With long, hot days like we’re lucky enough to be experiencing in the UK at the moment, cold-brewed coffee is a revelation.
Icing hot coffee, pah, old hat. Why? Acidity.
Although cold-brewed (aka cold-pressed) coffee takes much longer to make, the results are staggeringly different due to the lack of acidity and bitterness. The flavour of the coffee is king; clean, aromatic and fresh.
This gloriously refreshing and smooth caffeine hit is terribly simple to make at home, and can be kept in the fridge for up to a month. Now, there are fancy contraptions on the market and special ‘infusing jugs’ similar to a tea-tiers, but I just used a 2 litre plastic bottle.
Add 4tbsp of roughly ground coffee beans to 2 litres of cold water, leave it for 3 days and then filter. Enjoy with an ice cube or two!

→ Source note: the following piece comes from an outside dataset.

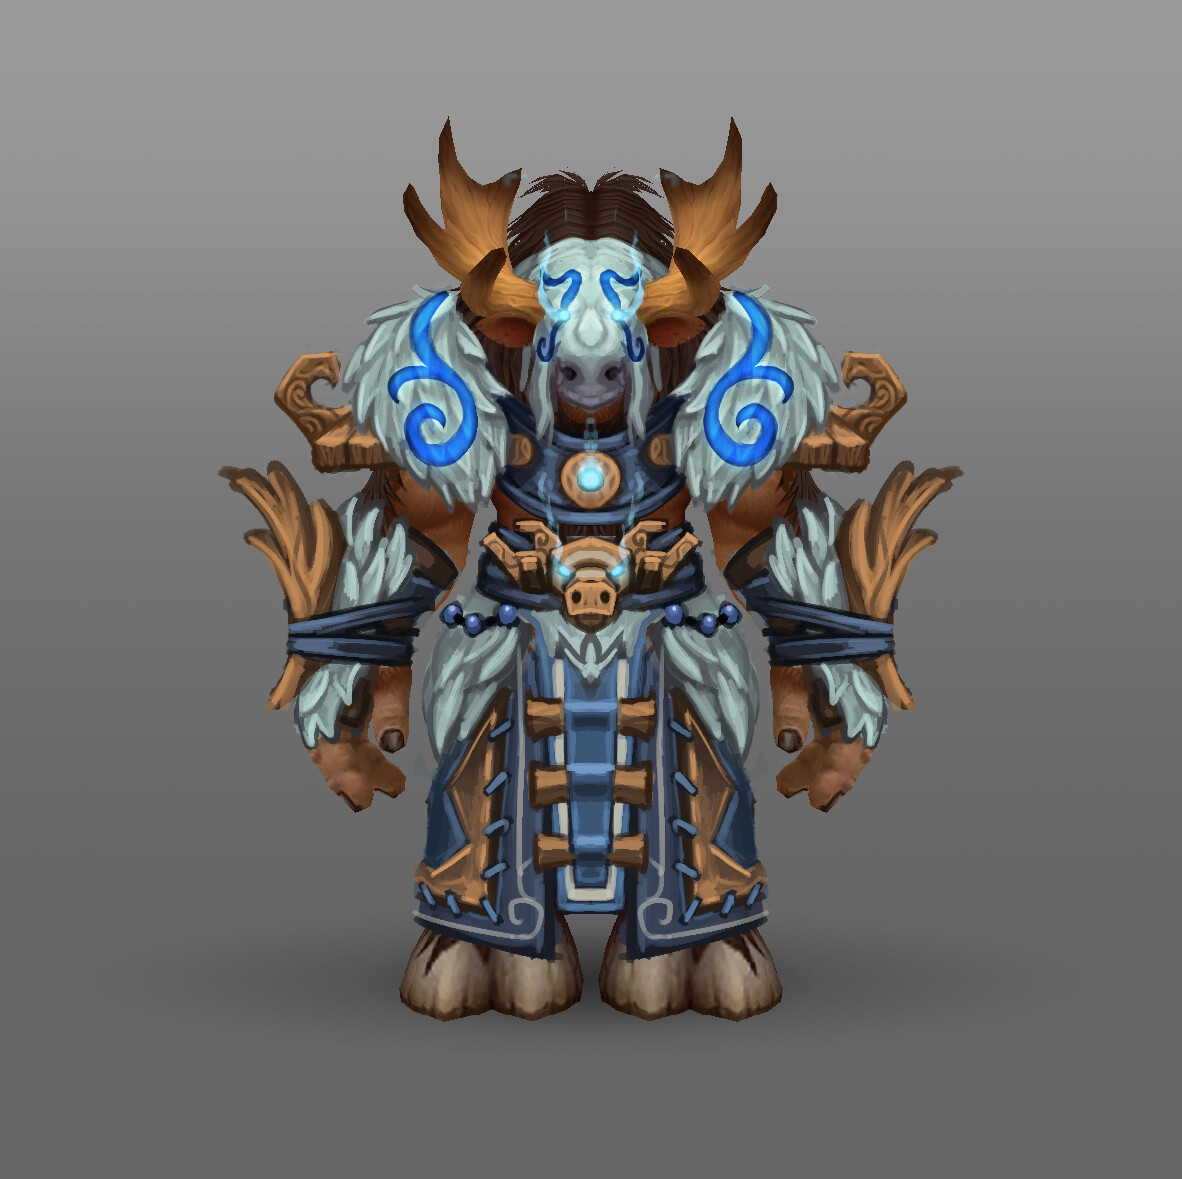 Druid

Based around Eche'ro. As Cenarius blessed Huln Highmountain due to him saving Eche'ro, I thought it would be a fitting theme for the Druid set.

The beans need to be coarsely ground so that you don’t end up with muddy coffee, and I’d recommend using a paper coffee filter to get it as clear as possible. You could always sieve out the grounds first to avoid clogging the filter. My experimentation to date has me concluding that although you can strain and drink it after 24 hours, the taste really improves after about 90 hours of steeping. I imagine it would be relatively hard to ever produce two batches exactly the same anyway.
Apparently cold-brew works well with milk and sugar should you be that way inclined, but I certainly haven’t tried it yet.